[[ EXTRACTED MATERIAL open ]]

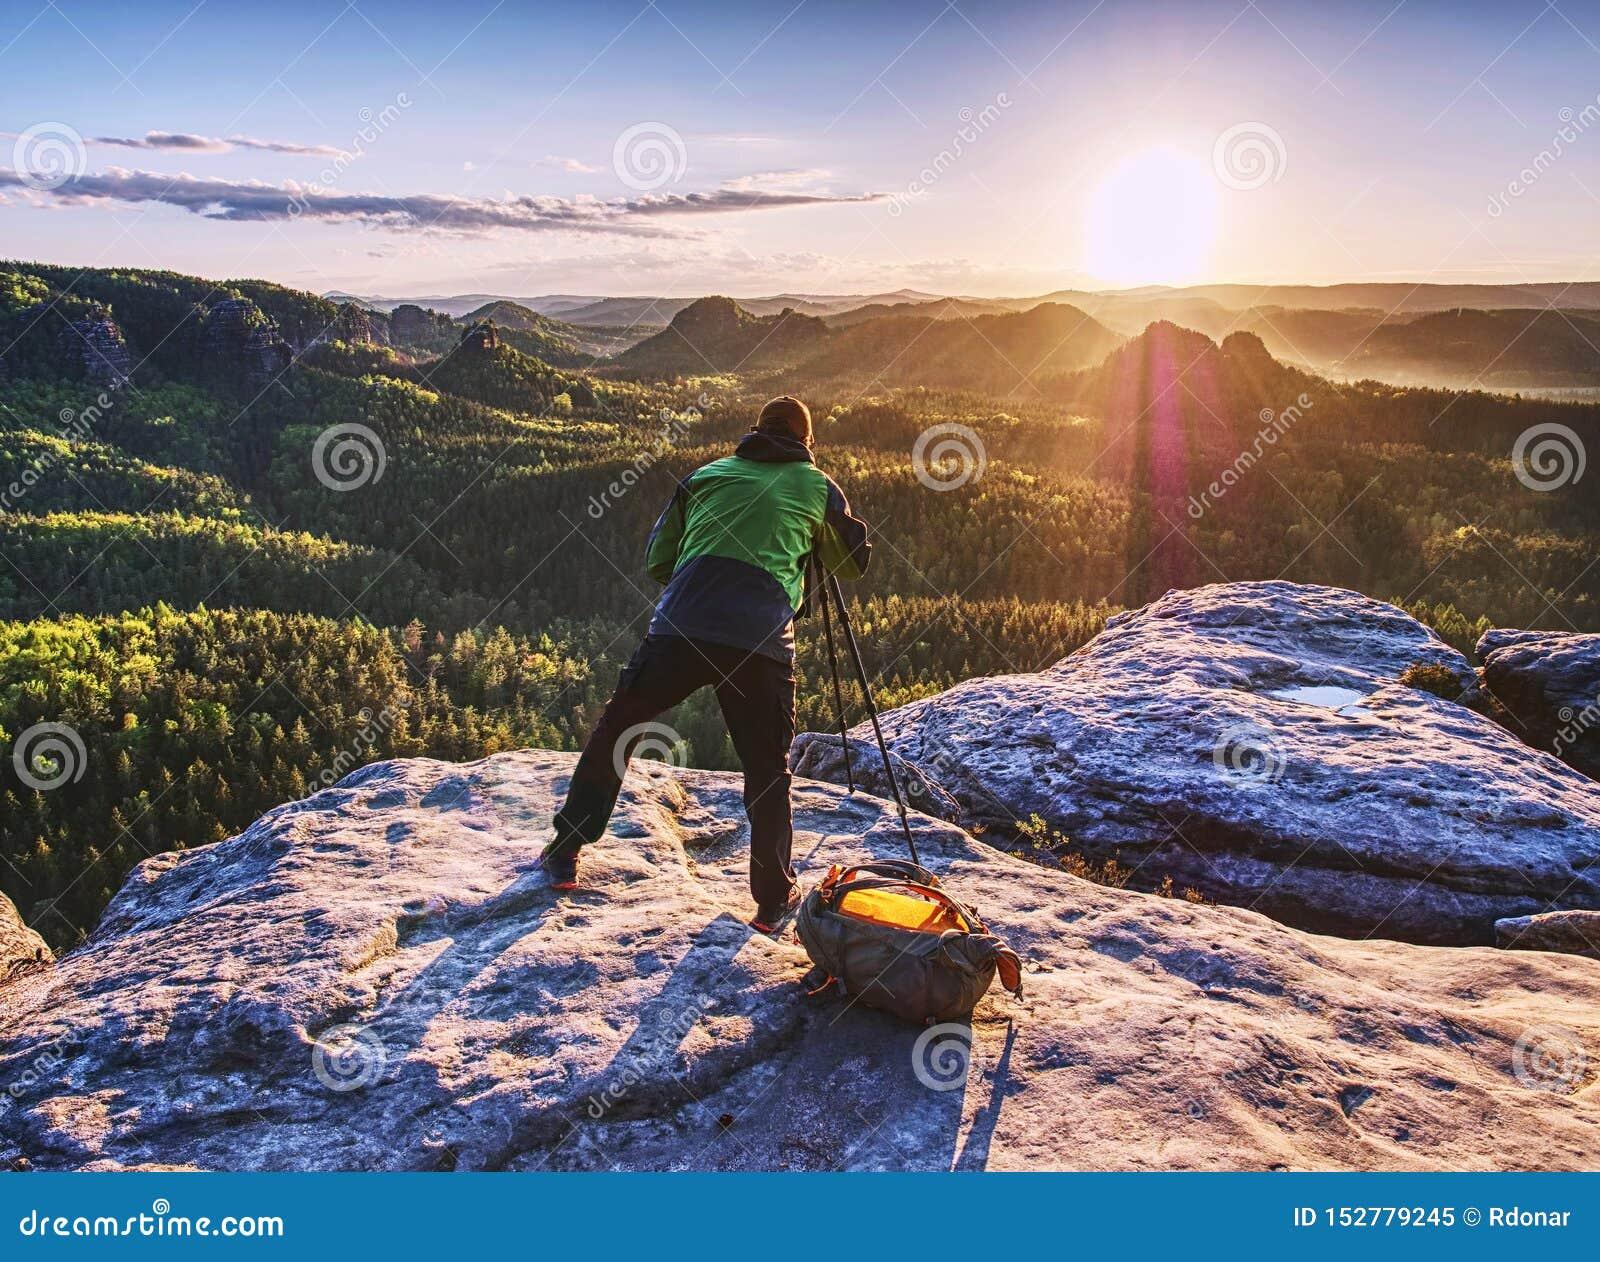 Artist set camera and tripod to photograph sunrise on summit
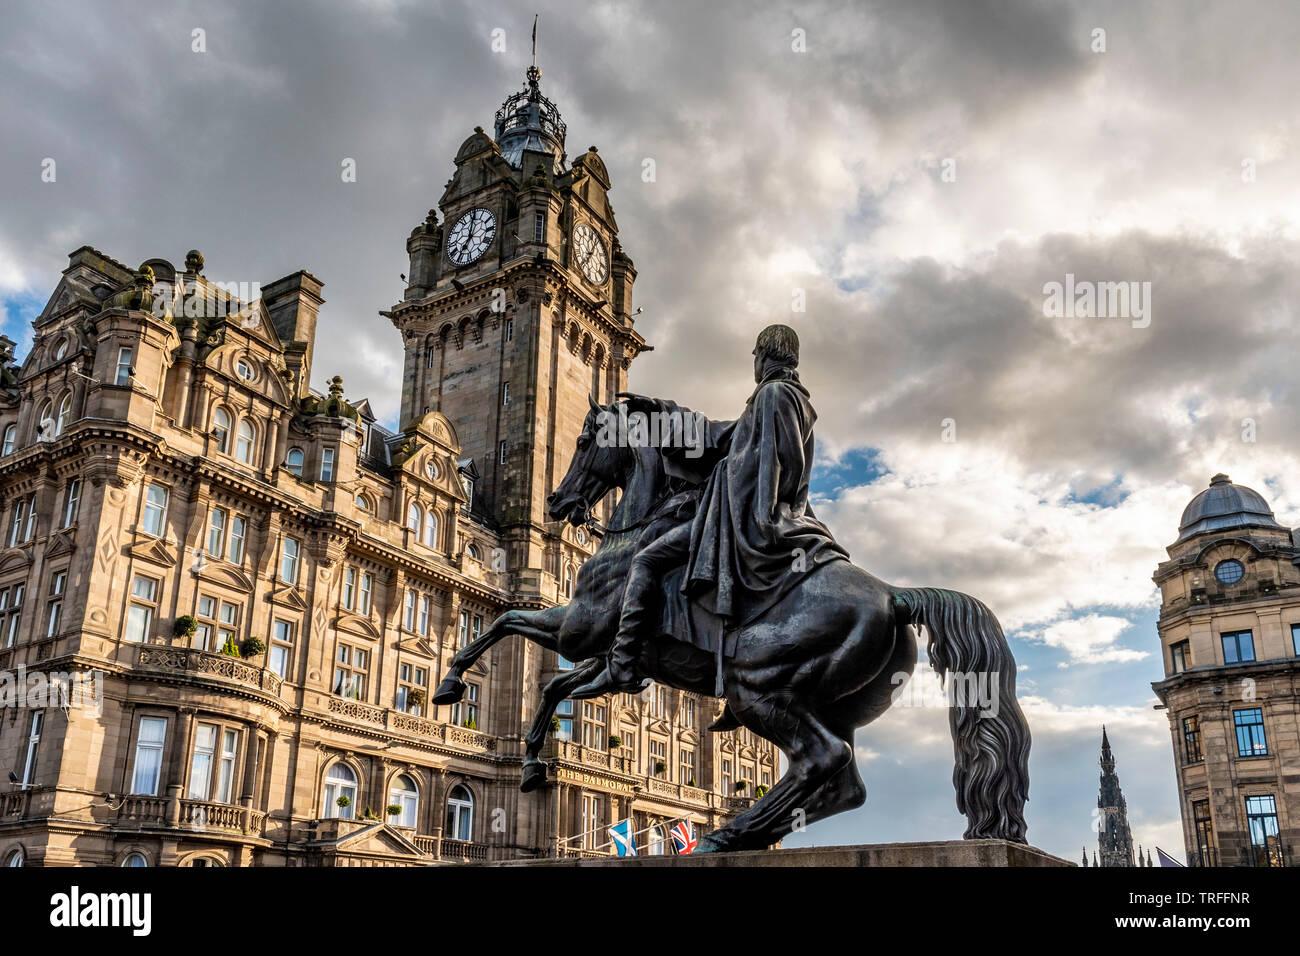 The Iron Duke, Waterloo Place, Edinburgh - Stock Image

[[ EXTRACTED MATERIAL closed ]]
[[ EXTRACTED MATERIAL open ]]

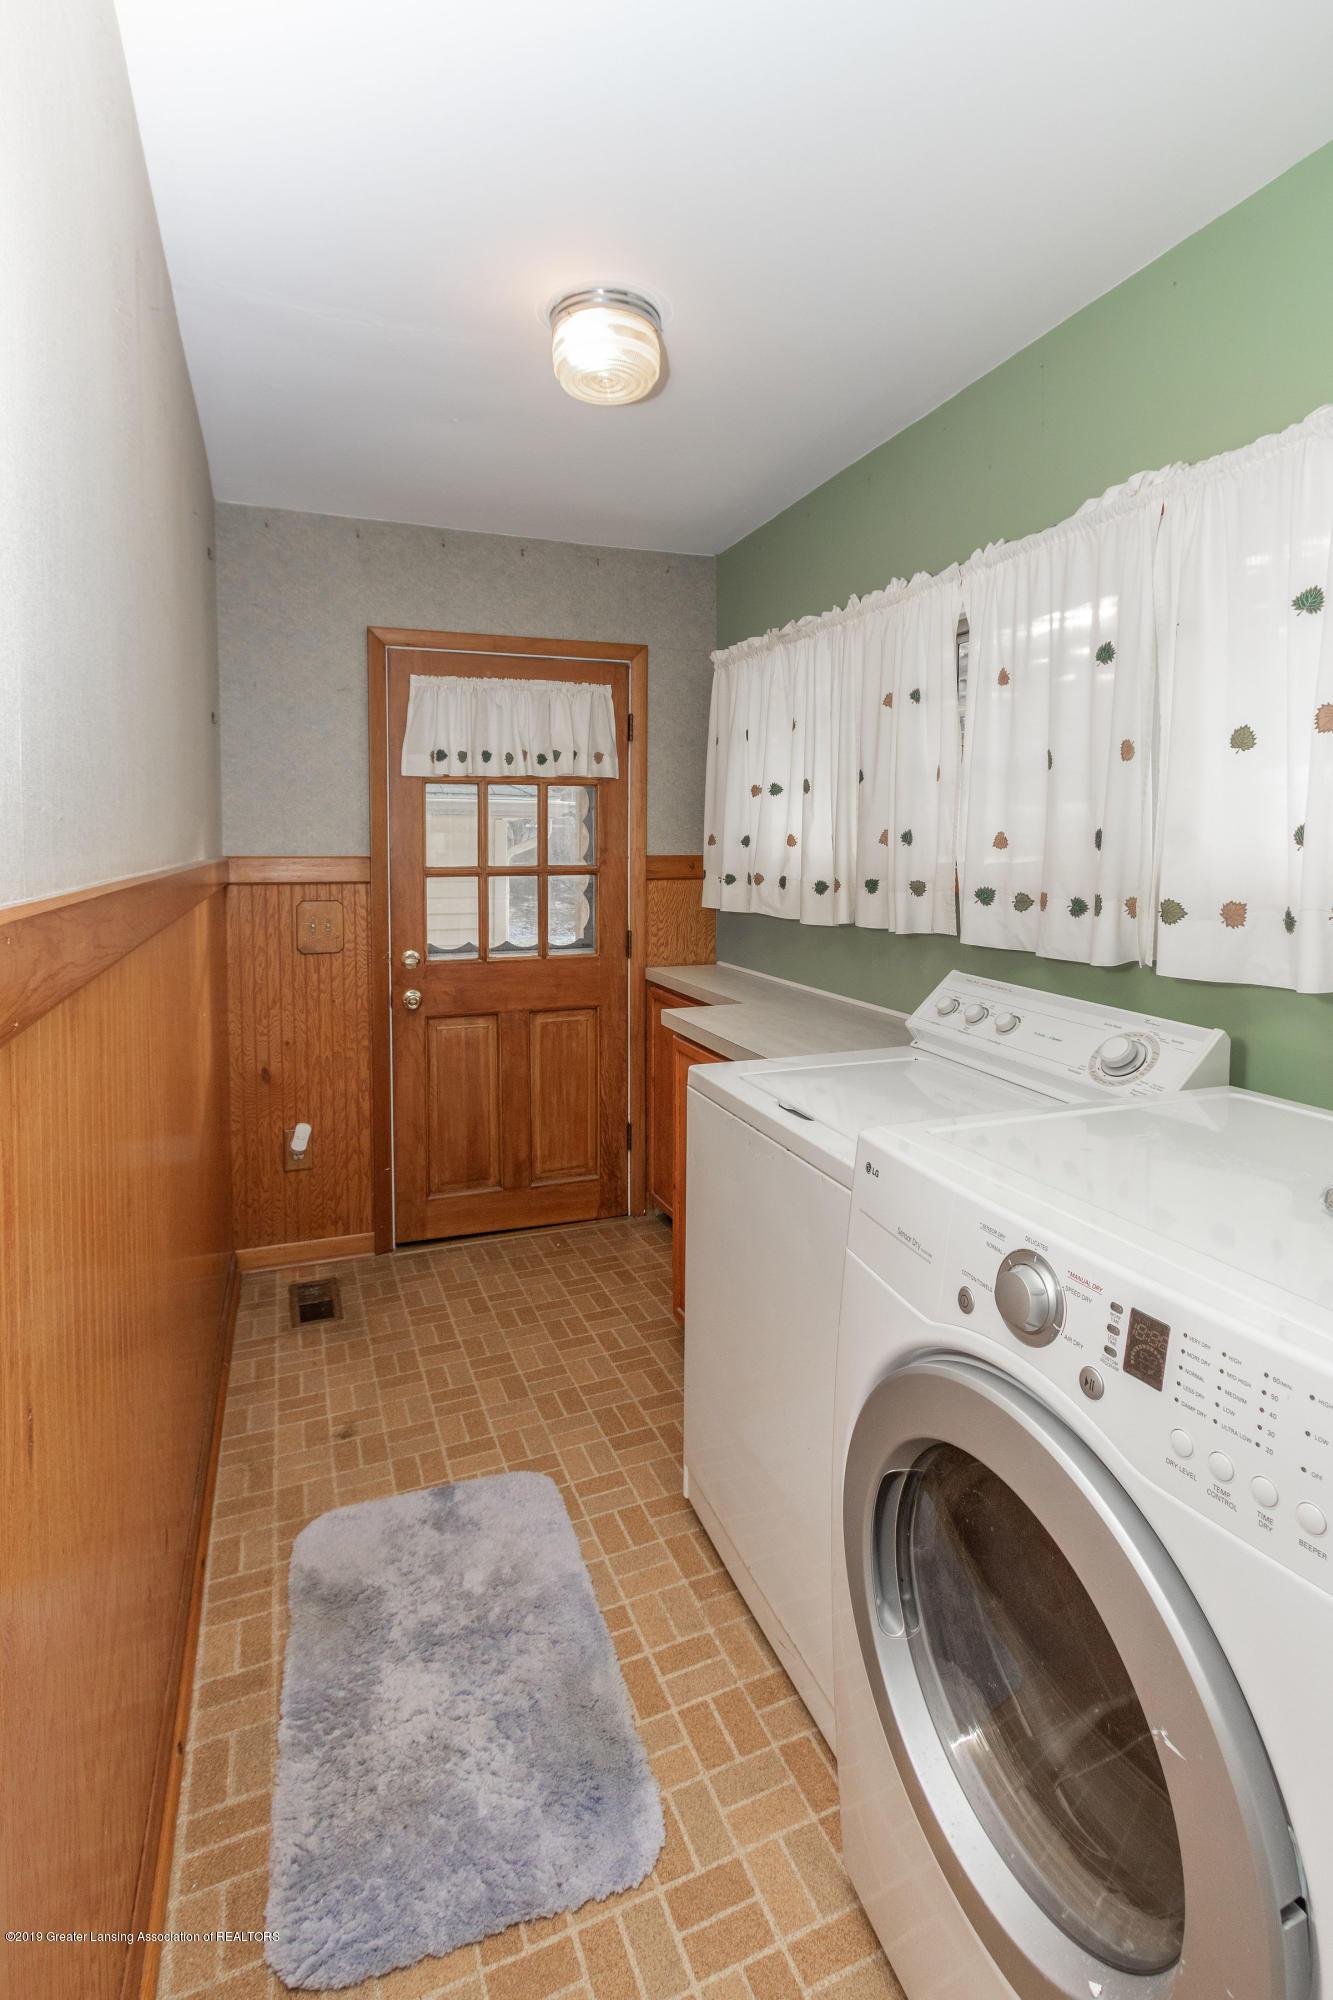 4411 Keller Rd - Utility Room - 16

[[ EXTRACTED MATERIAL closed ]]

■ **WORK TASK**: In the listing above, find the line with "Artist set camera" and the line with "The Iron Duke, Waterloo". Output both, plus every line between them, and no pictures.

■ **ANSWER FOR THE TASK**:
 Artist set camera and tripod to photograph sunrise on summit
 The Iron Duke, Waterloo Place, Edinburgh - Stock Image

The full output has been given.